H. S. : Aujourd’hui, 30 % des sociétés du CAC 40 ont déjà mis en place un comité RSE autonome ; c’est en pleine progression. Le plus important pour les conseils d’administration, c’est de responsabiliser un certain nombre d’individus en leur sein pour suivre ces sujets. Pour cela, il faut que la société elle-même y croie, et que le management porte le projet et l’intègre structurellement sous peine que personne ne se sente vraiment concerné. L’objectif de ces comités est d’animer le suivi des sujets RSE pour la société avec des plans de suivi et d’avancement, ou encore des reportings au conseil d’administration. La principale difficulté, c’est qu’ils couvrent des sujets extrêmement transverses (financier, stratégique, de gouvernance…) qui peuvent parfois se chevaucher avec ceux des comités de rémunération, stratégiques ou d’audit.
Parmi les bonnes pratiques à mettre en place, le guide aborde le « Say on pay » et le « Say on climate ». Pouvez-vous en dire plus ?

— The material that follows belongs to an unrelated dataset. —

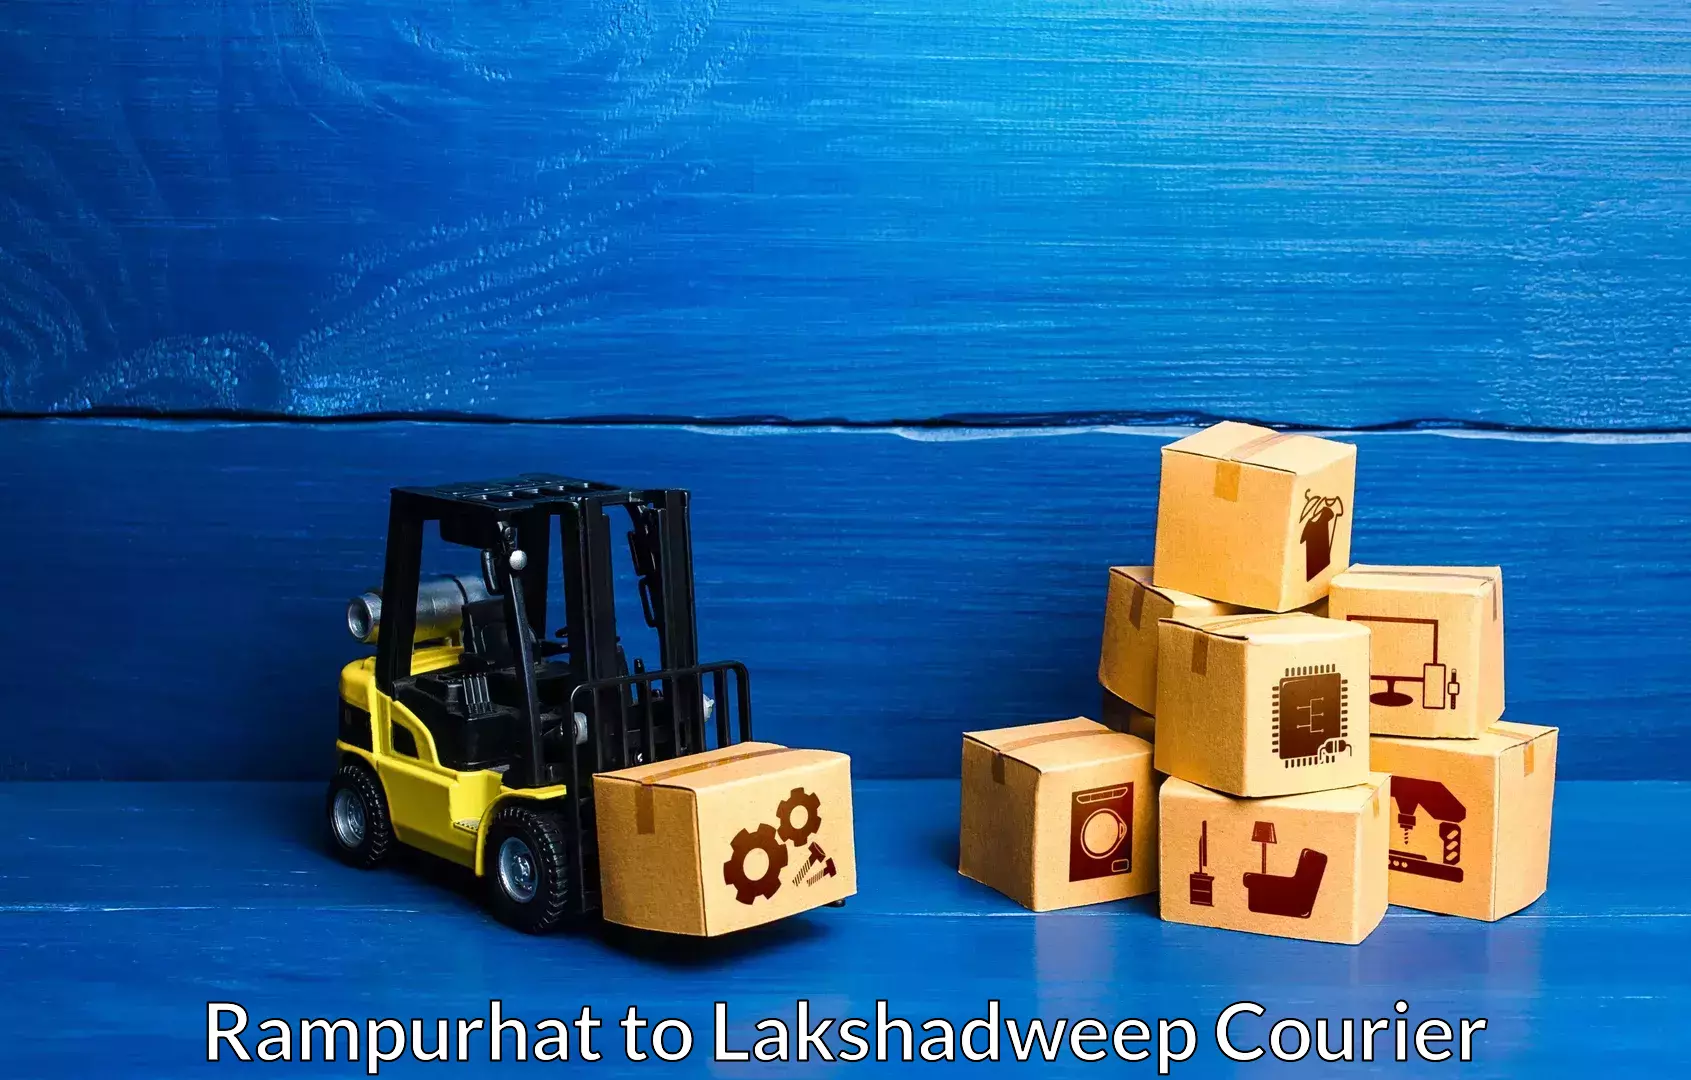 Furniture moving experts Rampurhat to Lakshadweep

L. V. : Même si ce n’est pas une obligation légale, le « Say on pay » permet de prévoir des critères RSE dans la rémunération variable des dirigeants. Il doit être suffisamment élevé pour être incitatif, mais aussi quantifiable, mesurable et comparable d’une année à l’autre. En 2021, 90 % des émetteurs du next 60 ont ainsi intégré des critères RSE dans le cadre de leur rémunération variable annuelle. De son côté, le « Say on climate » est une tendance qui émerge depuis maintenant trois ans en France, et qui consiste à soumettre au vote des actionnaires le reporting climatique et environnemental et/ou les orientations stratégiques de l’entreprise face à ces enjeux. C’est une pression qui vient des investisseurs sur certains émetteurs, notamment dans le secteur de l’énergie. Il est intéressant de voir l’évolution de la façon dont les investisseurs perçoivent ces résolutions, notamment pour le « Say on climate » : si, au départ, on saluait la démarche proposée par le management, on s’oriente aujourd’hui de plus en plus vers un vote de fond et une analyse beaucoup plus approfondie de ce qui est proposé, afin de s’assurer que l’approche est suffisamment ambitieuse.

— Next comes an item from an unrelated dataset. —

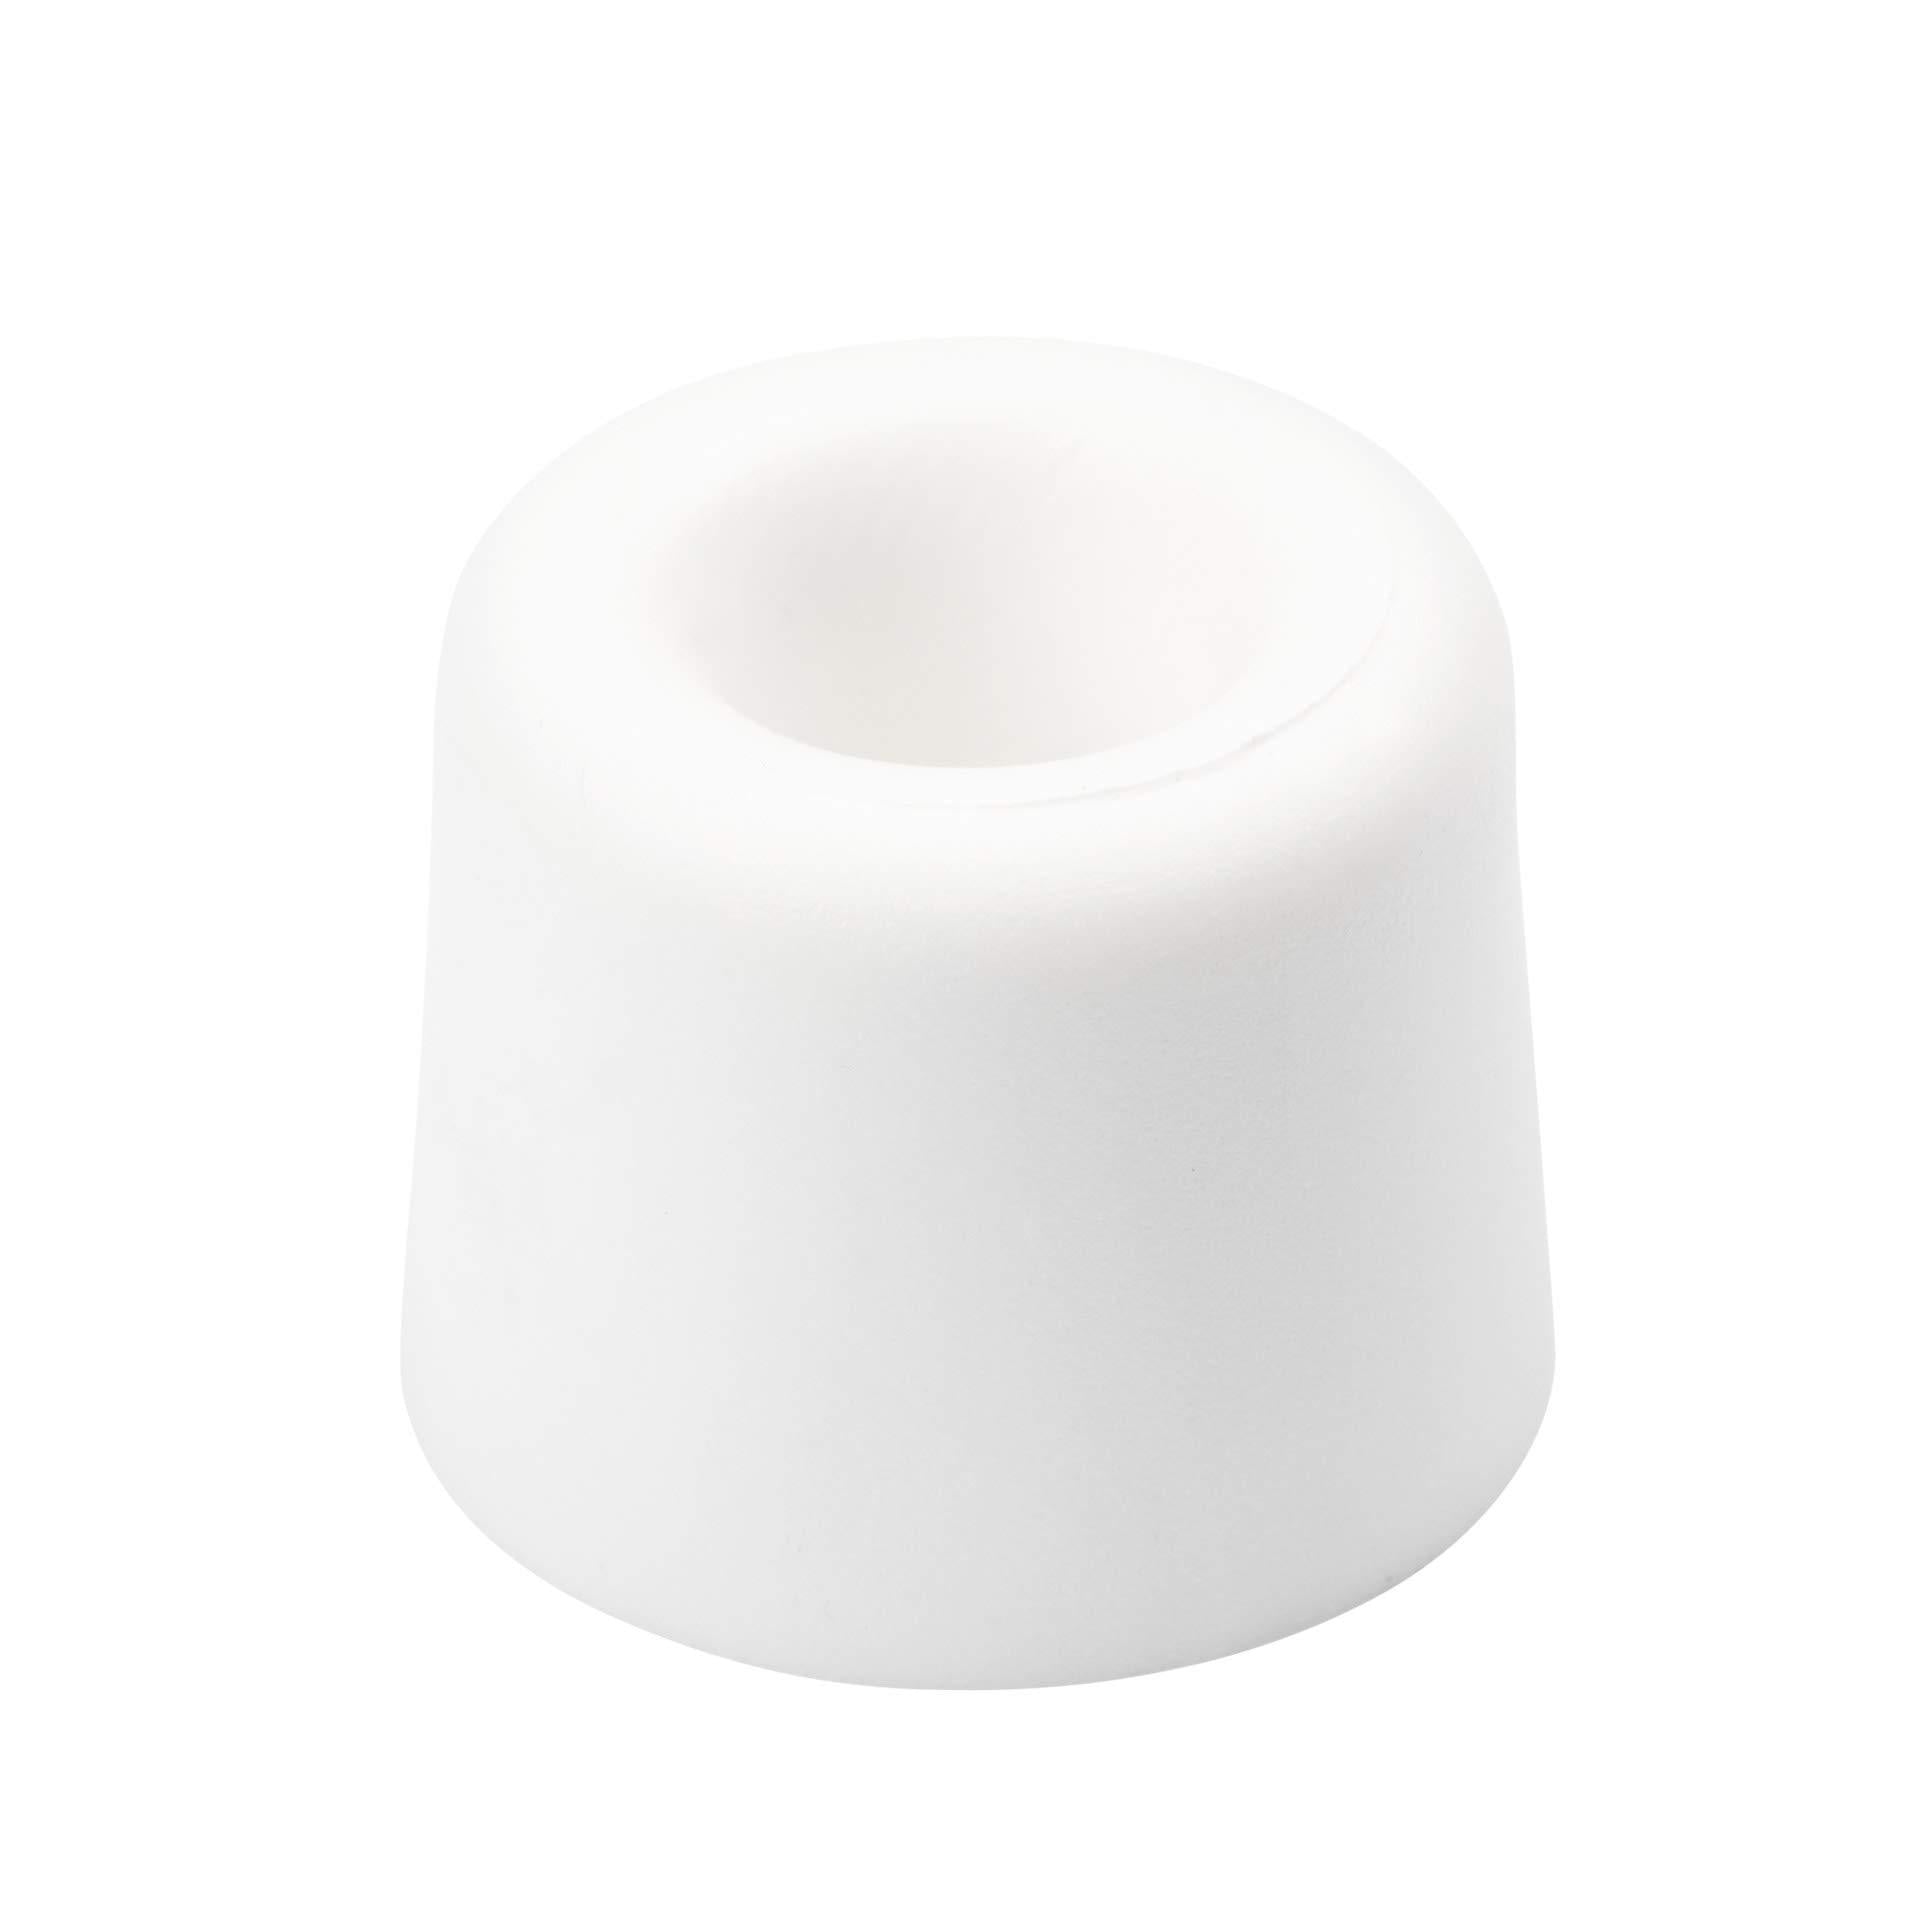 LouMaxx Türstopper Boden Schrauben aus Gummi - 3er Set in weiß - Türstopper Gummi - Türstopper Kunststoff - Türstopper Bodenmontage

Ce guide est appelé à évoluer avec le temps. Selon vous, vers quoi se dirige-t-on ? Le contexte géopolitique peut-il, par exemple, avoir des impacts sur le sujet ?
H. S. : L’intervention de la Russie en Ukraine et les réunions à venir des chefs d’Etat peuvent, en effet, être des accélérateurs de transition climatique très forts, et avoir des conséquences sur les objectifs que devront se fixer les entreprises en la matière. A côté de cela, il existe de nombreuses réglementations à venir, tant à l’échelle nationale (rapport Rocher, proposition de loi pour une éthique responsable des affaires, etc.) qu’européenne (révision de la directive NFRD au travers du projet de directive dite « CSRD » sur le développement durable, règlement Taxonomie, proposition de directive « gouvernance d’entreprise durable », etc.). Nous pensons, en outre, que nous allons assister à une guerre des droits entre les Etats-Unis et l’Europe pour s’approprier les sujets ESG, et voir qui va créer la norme dominante en la matière. L’Europe est néanmoins perçue comme étant plus en avance que les Etats-Unis sur ces questions, notamment sur le critère social.